## Work item:
Omitting the pictures, print every line below exactly as it stands.

## Information shown:

= Beginning of Section =

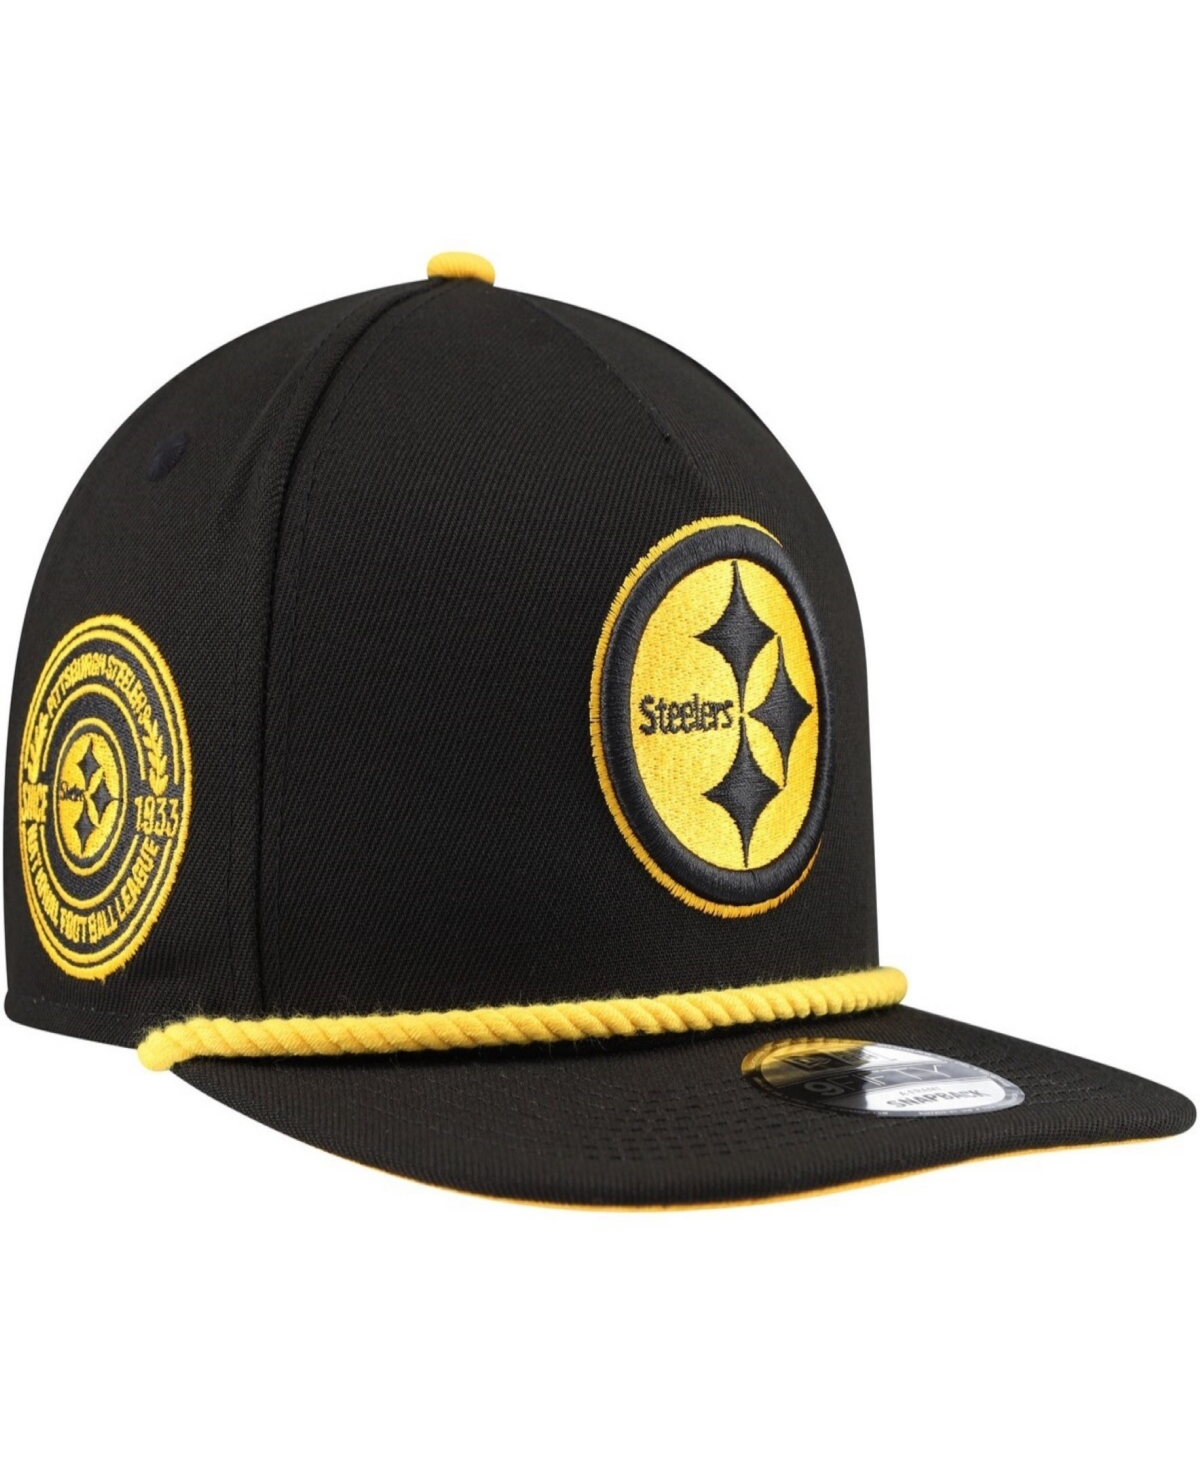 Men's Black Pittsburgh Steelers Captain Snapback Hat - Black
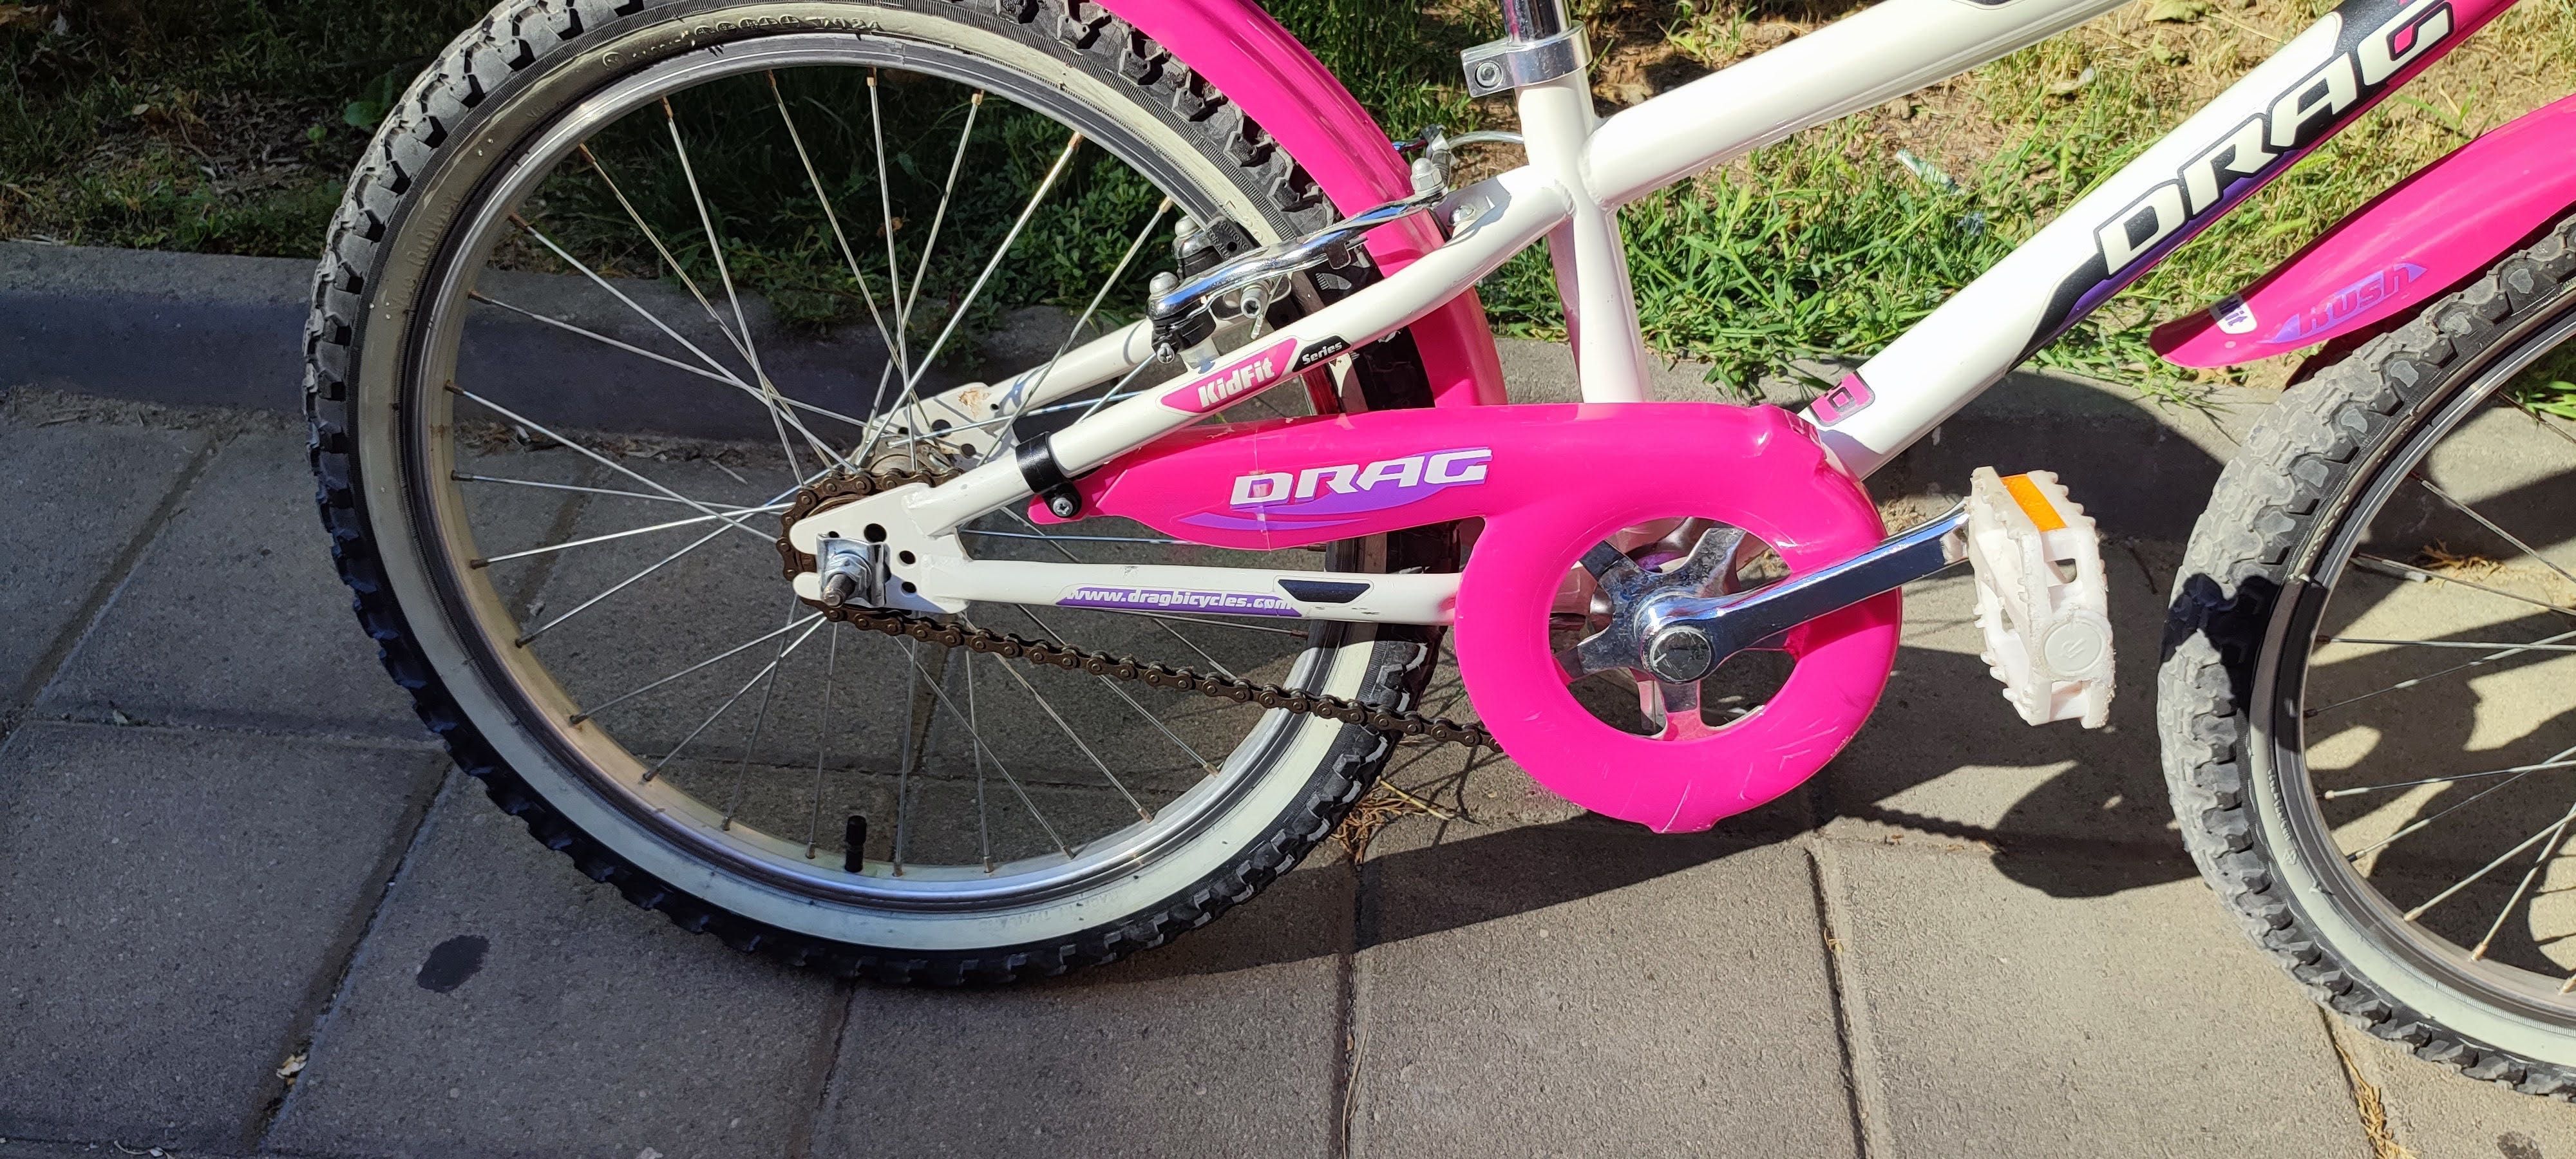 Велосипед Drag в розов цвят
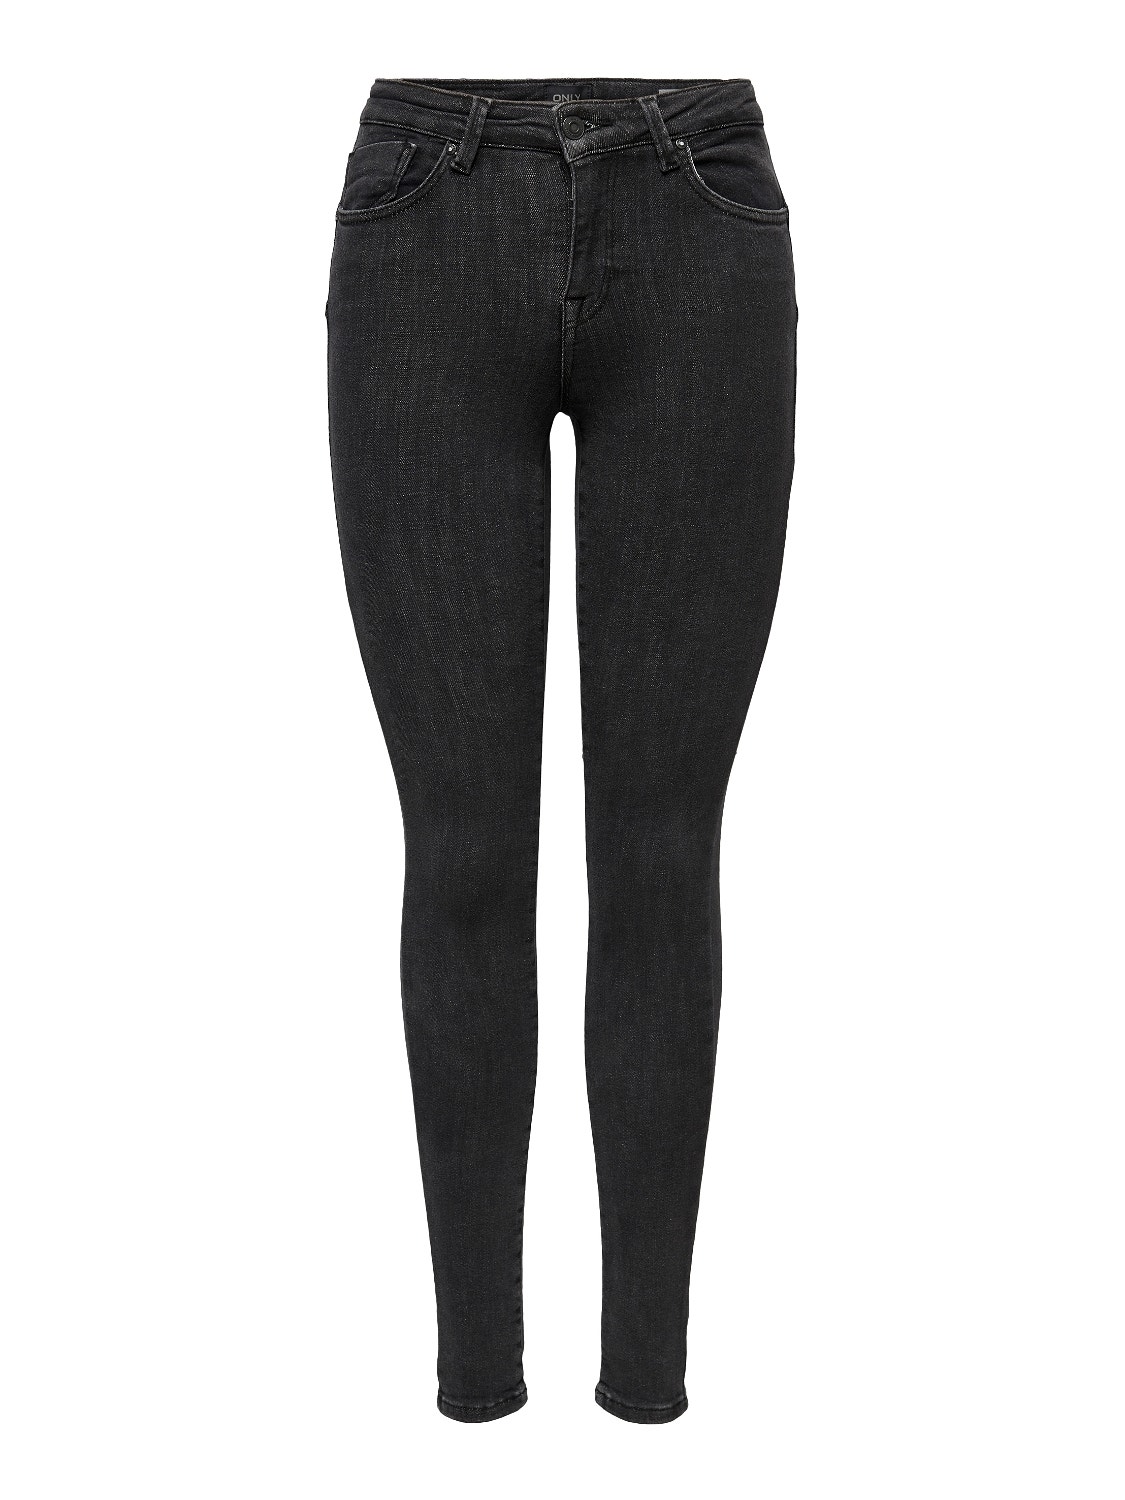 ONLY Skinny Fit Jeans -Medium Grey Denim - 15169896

= End of Section =

## Response area:
 Men's Black Pittsburgh Steelers Captain Snapback Hat - Black
 Велосипед Drag в розов цвят
 ONLY Skinny Fit Jeans -Medium Grey Denim - 15169896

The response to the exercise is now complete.